Comparado con un disipador por aire, un buen AIO suele aportar mejores temperaturas y un aspecto más limpio, sobre todo en cajas con ventana. Eso sí, hay disipadores por aire de gama alta capaces de igualar o superar a algunas AIO de gama media, así que la ventaja no es absoluta, pero en la mayoría de equipos de gama media-alta la RL AIO termina marcando la diferencia.
Además del rendimiento, muchos usuarios se decantan por estas soluciones por la estética y las posibilidades de iluminación ARGB, pantallas LCD integradas en la bomba (como en las series ROG RYUJIN) o software de control que permite ajustar curvas de ventilación y efectos de luz con bastante precisión.
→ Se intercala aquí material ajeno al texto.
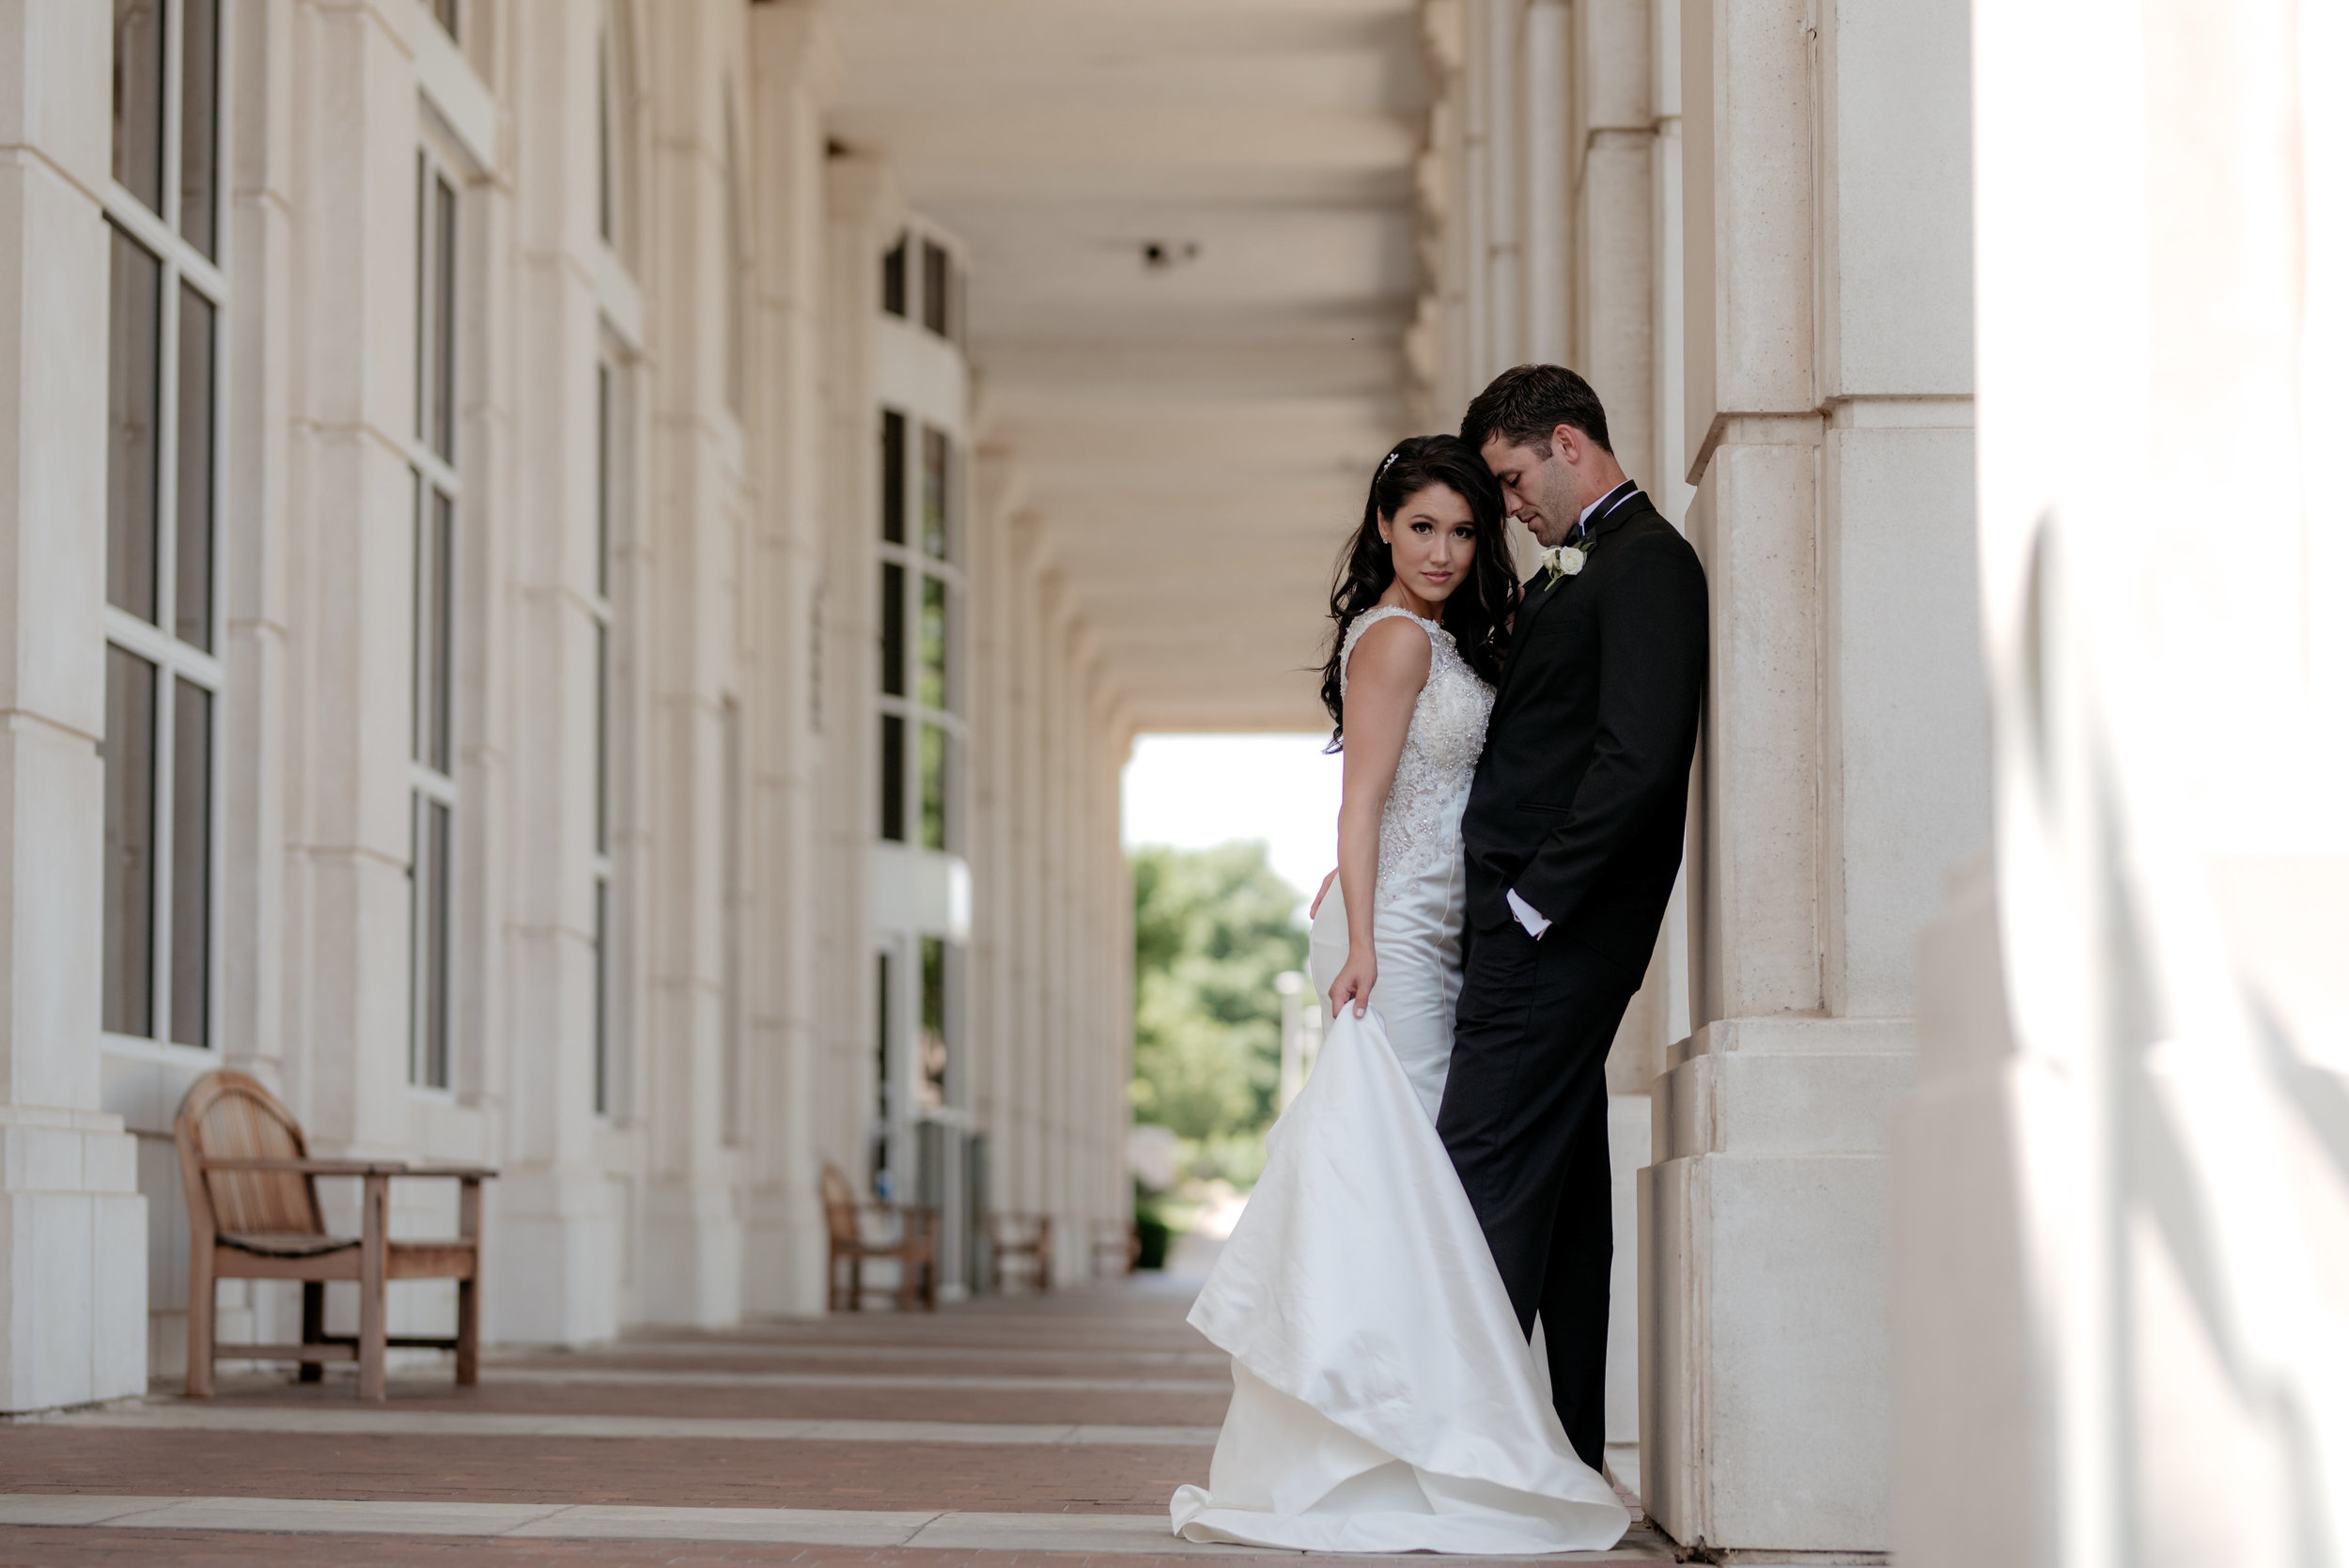 Ashley.Price.Wedding.2018.©TheStirewalts-152.jpg

Compatibilidad antes de comprar e instalar un AIO
Antes de lanzarte a atornillar nada, lo más importante es asegurarte de que la refrigeración líquida AIO que quieres montar es compatible con tu caja, con tu placa base y con tu CPU. Saltarse este paso es la forma más rápida de acabar devolviendo el producto.
En primer lugar, revisa que el kit incluya los soportes adecuados para tu socket. Lo habitual es que vengan brackets para Intel LGA1700/1200/115x y para AMD AM4/AM5. Los Threadripper (TR4/sTRX4) suelen requerir bloques específicos, así que si tienes una plataforma HEDT toca comprobarlo con lupa.
El segundo punto clave es el tamaño del radiador y el espacio de la caja. La mayoría de AIO se ofrecen en 120, 140, 240, 280 o 360 mm, y la torre debe indicar claramente qué longitudes y grosores admite en frontal, parte superior o trasera. Ojo porque algunos radiadores llevan depósito integrado y son un poco más largos de lo que dice la medida nominal.
También conviene tener en cuenta la altura de la RAM y la zona de VRM si vas a montar el radiador en el techo de la caja: ciertos disipadores de VRM muy voluminosos o módulos de memoria con disipadores altos pueden chocar con el radiador o con los ventiladores.
Por último, revisa el manual de la placa para confirmar que dispones de conectores para bomba y ventiladores: lo ideal es contar con AIO_PUMP y CPU_FAN/CPU_OPT, además de varios CHA_FAN para ventiladores de caja o hubs incluidos con el propio kit.
Herramientas y preparación previa
La instalación de un AIO en manos con algo de experiencia no suele llevar más de 10-15 minutos de montaje real, y para alguien que lo hace por primera vez, en torno a media hora si sigue los pasos sin prisas. Lo básico que vas a necesitar es bastante sencillo.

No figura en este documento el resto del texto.